Things to Fix When Upgrading from Spring Security 3.2.x to 4.x

Some things have been changed in Spring Security 4.x compared to previous 3.2.x branches. They are not overwhelming but you may have to deal with them so that your application can work without any problem after upgrading to Spring 4.x release. I noted them down during my upgrade process, and post here in case you need.

  • For a long time login processing url, username and password request parameter names of UsernamePasswordAuthenticationFilter were j_spring_security_check, j_username and j_password consecutively. They are now replaced with login, username and password by default.
  • CSRF protection feature has been available for sometime, but it was disabled by default. However, Spring Security 4.x comes with CSRF protection enabled by default. This change has consequences to your web requests, especially pages which perform form submission with HTTP POST method. You need to add an hidden input parameter as following;
    <input type="hidden" name="${_csrf.parameterName}" value="${_csrf.token}">

  • <http> element had use-expressions=”false” in Spring 3.2.x series. Therefore <intercept-url> elements were usually being configured with ROLE_xxx access attributes by default. This has changed in Spring 4.x as well. From now on, Spring Security expressionas are active by default, and anyone who starts using Spring Security should provide intercept-url access attributes with expressions returning boolean value.
  • logout processing url has been also changed to logout from spring_security_logout.
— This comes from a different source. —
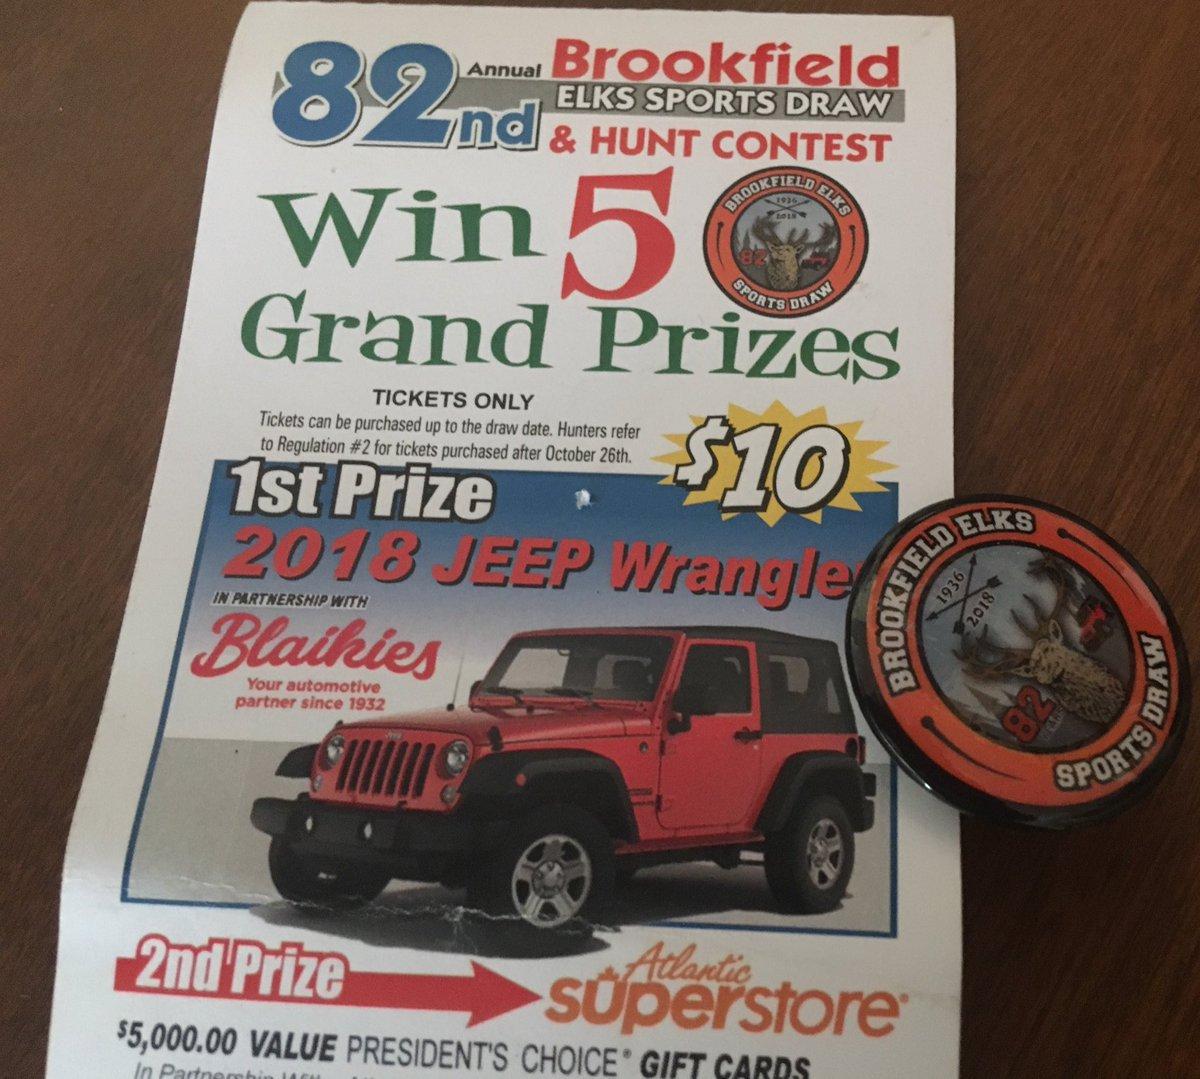 Brookfield Elks Elksfastpitch Twitter Jeep Wrangler Draw 0 Replies 2 Retweets 7 Likes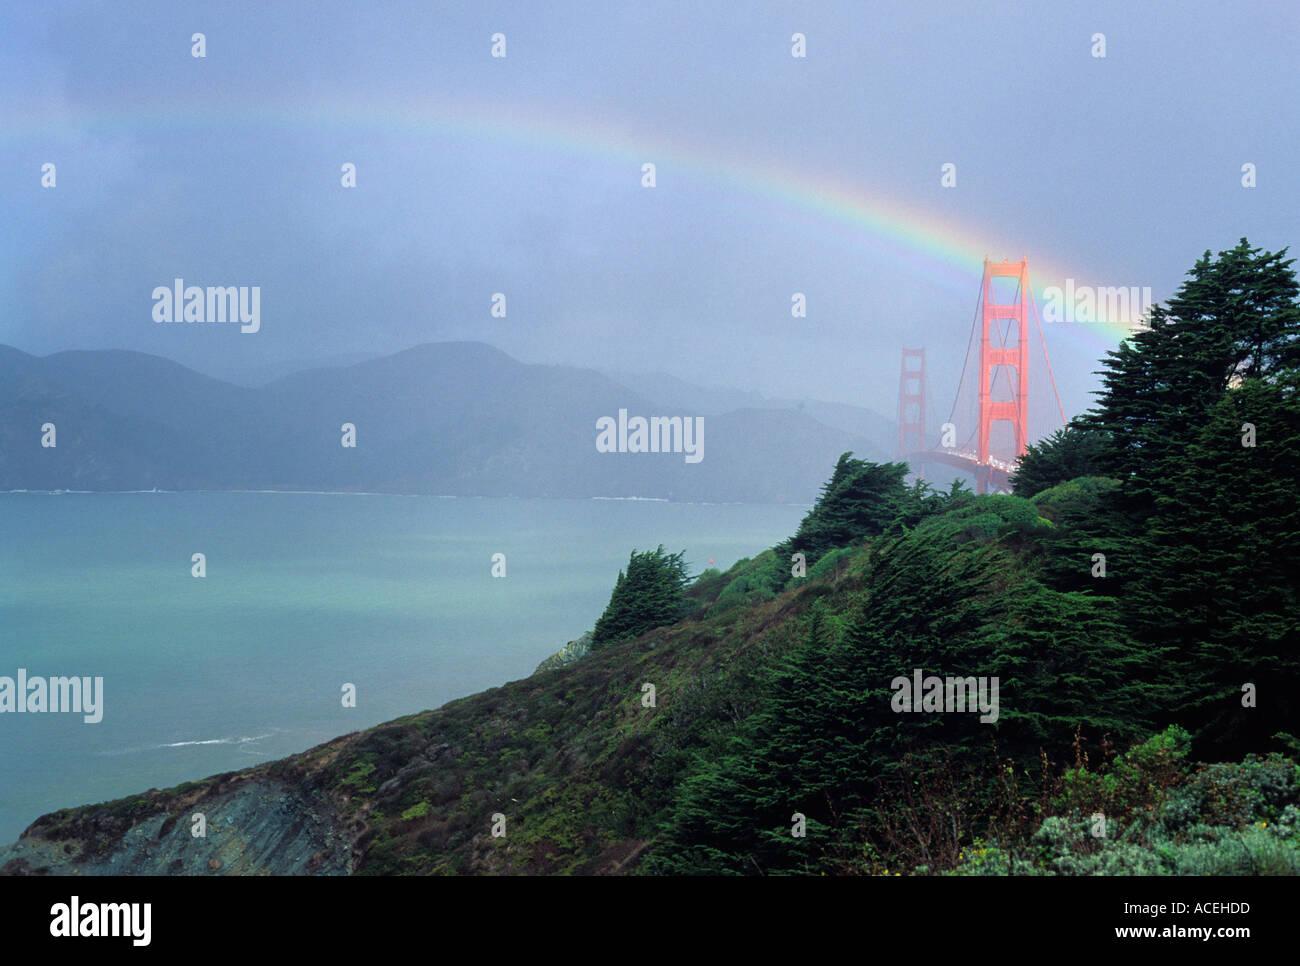 A rainbow over the Golden Gate Bridge San Francisco California United States of AmericaStock Photo

LogoutFilter is now only accepting POST requests. Therefore, you need to add a simple logout form which is calling logout with HTTP POST method.
    <form action="logout" method="post">
        <input type="submit" value="Logout"> 
        <input type="hidden" name="${_csrf.parameterName}" value="${_csrf.token}">

However, it is not currently possible to change configuration of LogoutFilter so that it should work with HTTP GET requests.

  • RememberMeAuthenticationFilter were querying _spring_security_remember_me request parameter to save initiate remember-me mechanism. This has changed to remember-me in Spring 4.x.
  • Some classes in acl packages were also changed as well. Therefore you may need to change your acl bean configuration if you are using ACL in your project.